That is just my personal opinion.

Rick


----------



## stevehuckss396 (Feb 9, 2010)

One of the problems with a machine like that is every time you want to switch from the lathe to the mill you have to break it down and change tooling. You have to setup the vise and indicate it in every time you switch. On a seperate mill you just walk up to the mill and start cutting. Then to switch back you have to break down the latch and reinstall the tool post.


----------



## Metal Butcher (Feb 9, 2010)

Flynt  said:
			
		

> Hi
> 
> i know its a 3 in 1 but what do you think ,



I faced the same questions before making a final decision. Quite a few machinists (not on this forum) told me that a 3 in 1 machine would fall short of doing either very well and said better to buy a lathe first and add a mill and tooling as time and funds become available. I've heard that switching the machine back and forth gets old very fast, such as pulling the vise on and off. There are also limitations due to table size. After hearing all that and a lot-lot more I dropped the idea of the 3-1 as being a cheaper and better way to get started. 

I looked at the link and the 3 in 1 is about 1500. Not bad.

A) A big R-8 mill/drill is about 1000.

B) A -240 v-speed lathe is 780.

C) A -250 lathe is 980.

A+B= 1780., that's 280. more not bad for a better set up. 

A+C= 1980. I don't know how much larger this is, but its 480. more.

Sorry, but you may regret the combo in short order.

If you buy 2 machines and pay, say 280. or 480. more that only about 30% more money or so. After one year of use this choice may prove to be a wise one.

If you make a choice, make it for a life time. A big investment like this needs careful consideration. Buying with a thought of replacing with better before the purchase is even made is a clue.

Sorry if my honesty sounds brutal and my attitude is steering. I'm really just trying to help you make a decision that you can live with for a long time. As the old saying goes "Haste makes waste". Be careful not to waste your money, instead of "investing" your money.

But its only you that can make the decision, and it needs to be 'right' for you, and only you!

-MB


----------



## mklotz (Feb 9, 2010)

Yeah, what Steve and MB said (and Rick left unsaid).

Try an experiment. Pick a small size engine project and build it on your Unimat (fine machine - I have one). While you're doing this, keep track of how often you're annoyed by having to break down the lathe/mill configuration to set up the mill/lathe configuration for an operation that can't be put off until the next time the machine is set up in the required configuration.

This will give you some indication of how well you'll be able to cope with the primary detraction inherent in every 3-in-1 machine.


----------



## Richard1 (Feb 9, 2010)

It can be done I have in the past done quite a bit of milling set up with odd setups on the cross slide you just get everything just about set up and remember you need a turned part for something and have to tear it down again.

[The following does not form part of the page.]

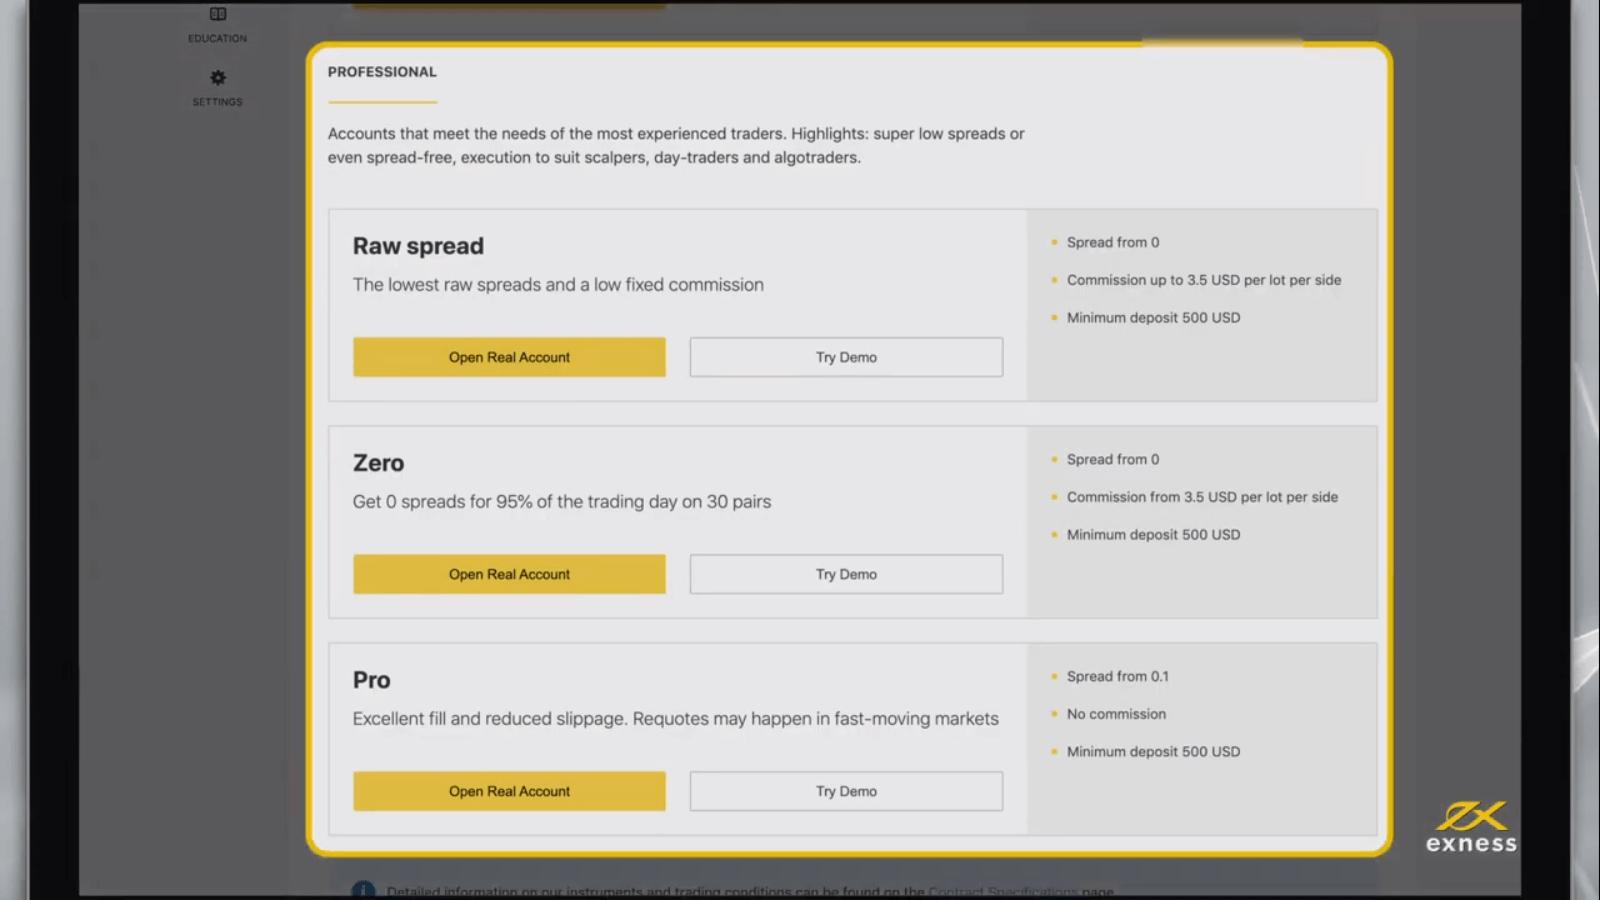 Exness میں ٹریڈنگ اکاؤنٹ کو رجسٹر اور کھولنے کا طریقہ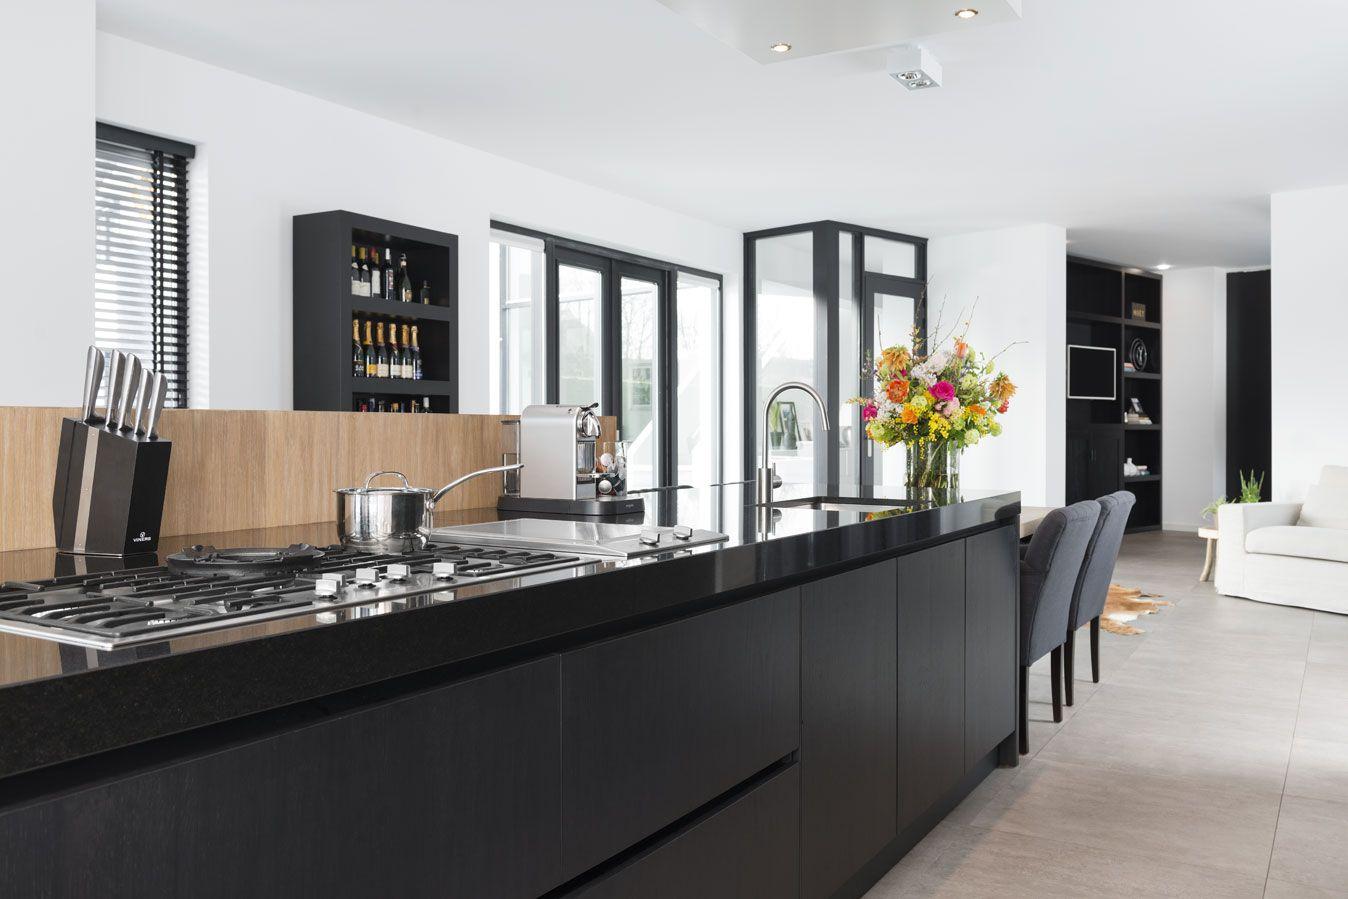 Modern landelijk kookeiland kitchen pinterest for Keuken landelijk modern

It gets annoying very fast. If you can afford 2 machines and have the space for them then look seriously at this option. Of course I am just a gadget freak so what do I know.

Richard.


----------



## Tin Falcon (Feb 9, 2010)

I personaly dislike changing setups and tooling. I upgraded to a south bend 9" from a 7 x 10. I have kept and use the 7 x 10. I am converting the X-2 mill to CNC and at times wish I had a second mill. The shaper keeps me from going crazy. 
IMHO I would get absolutely no where if I just had a 3 in 1. I seem to be in the building fixing upgrading machines mode right now rather than building models . Oh well. 

What about getting a mill or lathe you like then use the unimat for the other machine, mill or lathe then store the unimat on a shelf under the bench when not in use. Then when you have the funds and space buy another machine. 
Tin


----------



## Maryak (Feb 10, 2010)

Flynt,

I understand space is at a premium in your circumstance. If you can find the space for a small lathe and a small mill then I think you will be much more satisfied in our hobby.

IMHO a 3 in one is a compromise at best and like all compromises, something/one suffers.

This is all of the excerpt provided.